And where did that thing about Intel come from?Anyway, I would argue that gaming performance definitely isn't at the top of peoples priority list when purchasing a card in this price range. So Nvidia is getting destroyed because an ultra low-end discrete graphics card from AMD offers decent HTPC performance in comparison to the GT430? lol. that's not exactly the impression I got after actually reading the review. Indeed, with twice as many shader cores as the GT 220, the GeForce GT 430 may offer the strongest competition for the 6450 on both the HTPC and gaming fronts.ĭragonsqrrlhmm. The GeForce GT 430 is Nvidia’s lowest-end card capable of this feat, and it typically costs about $70 (although a couple models can be found for $10 cheaper than that online).
Ironically, despite Nvidia’s lead in 3D alacrity, this card is not capable of playing back Blu-ray 3D over HDMI. The GeForce GT 220 DDR2 is also priced similarly to the Radeon HD 6450 GDDR5, and while it sports a powerful GPU and a 128-bit memory interface, it is crippled by slower DDR2 memory. It simply relies on more host processing to power through the decode pipeline.

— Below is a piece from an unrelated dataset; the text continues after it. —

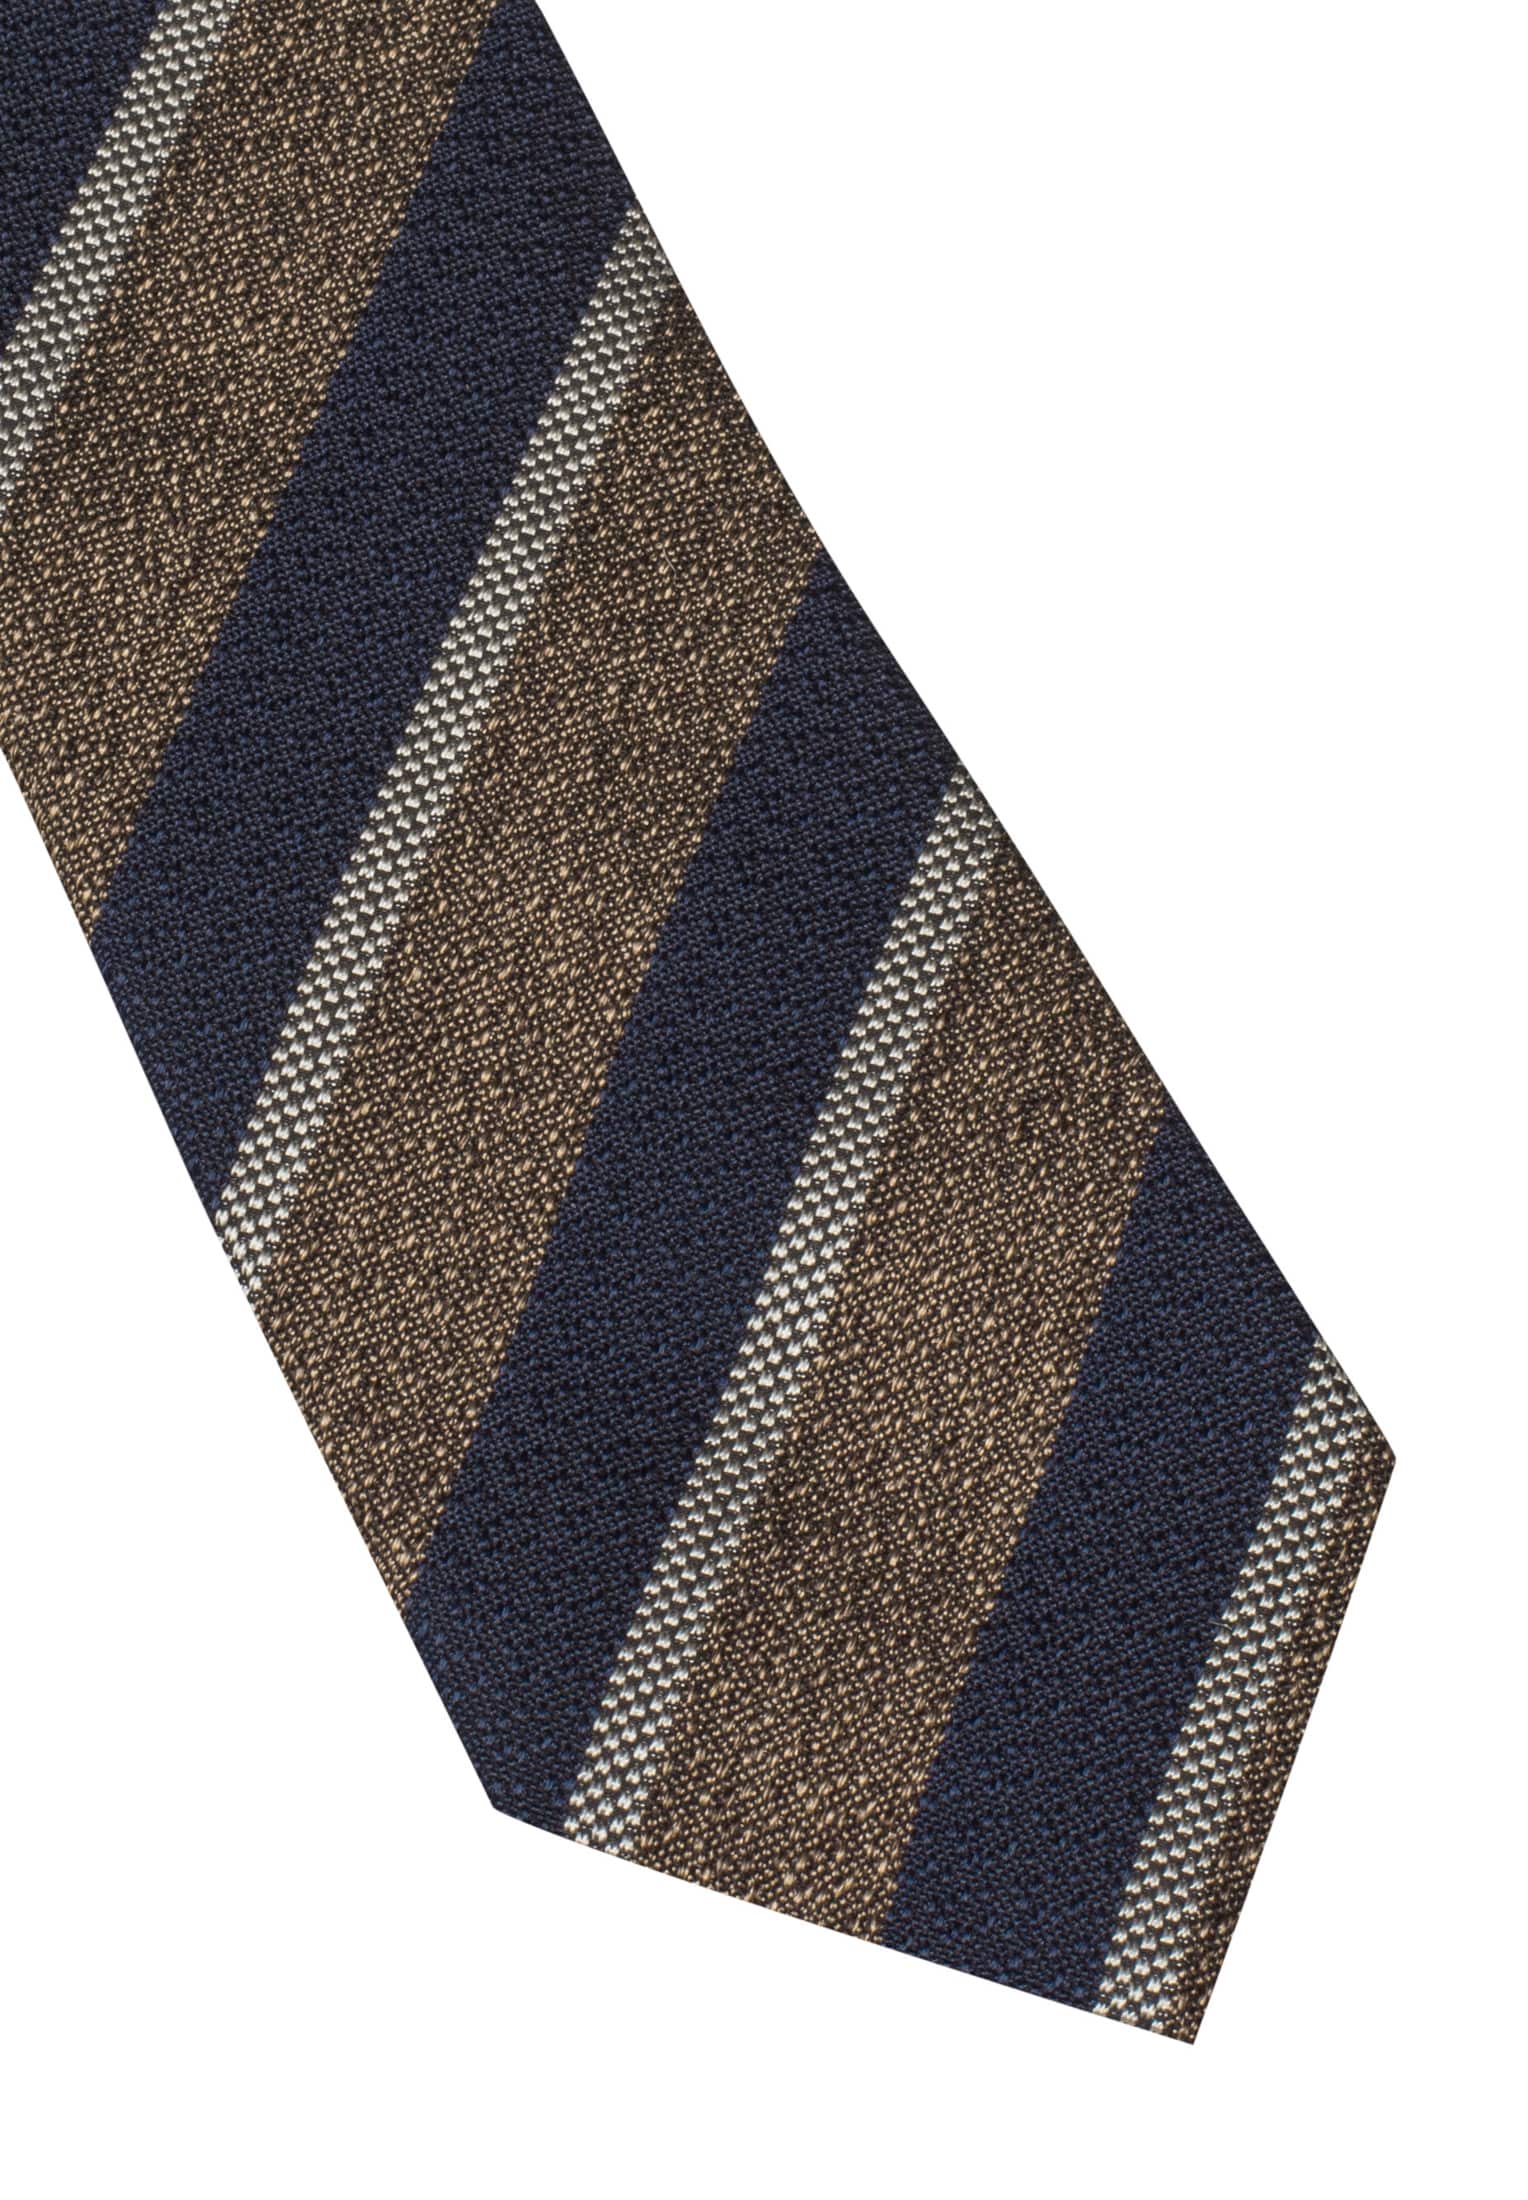 Cravate bleu foncé à carreaux

Of course, the Radeon HD 5550 doesn’t support Blu-ray 3D decode acceleration, though it is capable of playing back this format over HDMI 1.4a. Although the GDDR5-equipped version of the 6450 might match the older board's memory bandwidth, its higher core clock does not compensate for its resource deficiency. It essentially doubles all of the Radeon HD 6450’s specifications: 320 shader processors, 16 texture units, and 8 ROPs operating on a 128-bit memory interface. The Radeon HD 5550 is far more interesting competition. And when it's equipped with GDDR5, the new card should serve up modest gaming results. This should enable a quantifiable performance difference, though.
We can see a clear evolution from the Radeon HD 5450 and Radeon HD 6450, with only the number of stream processors doubled.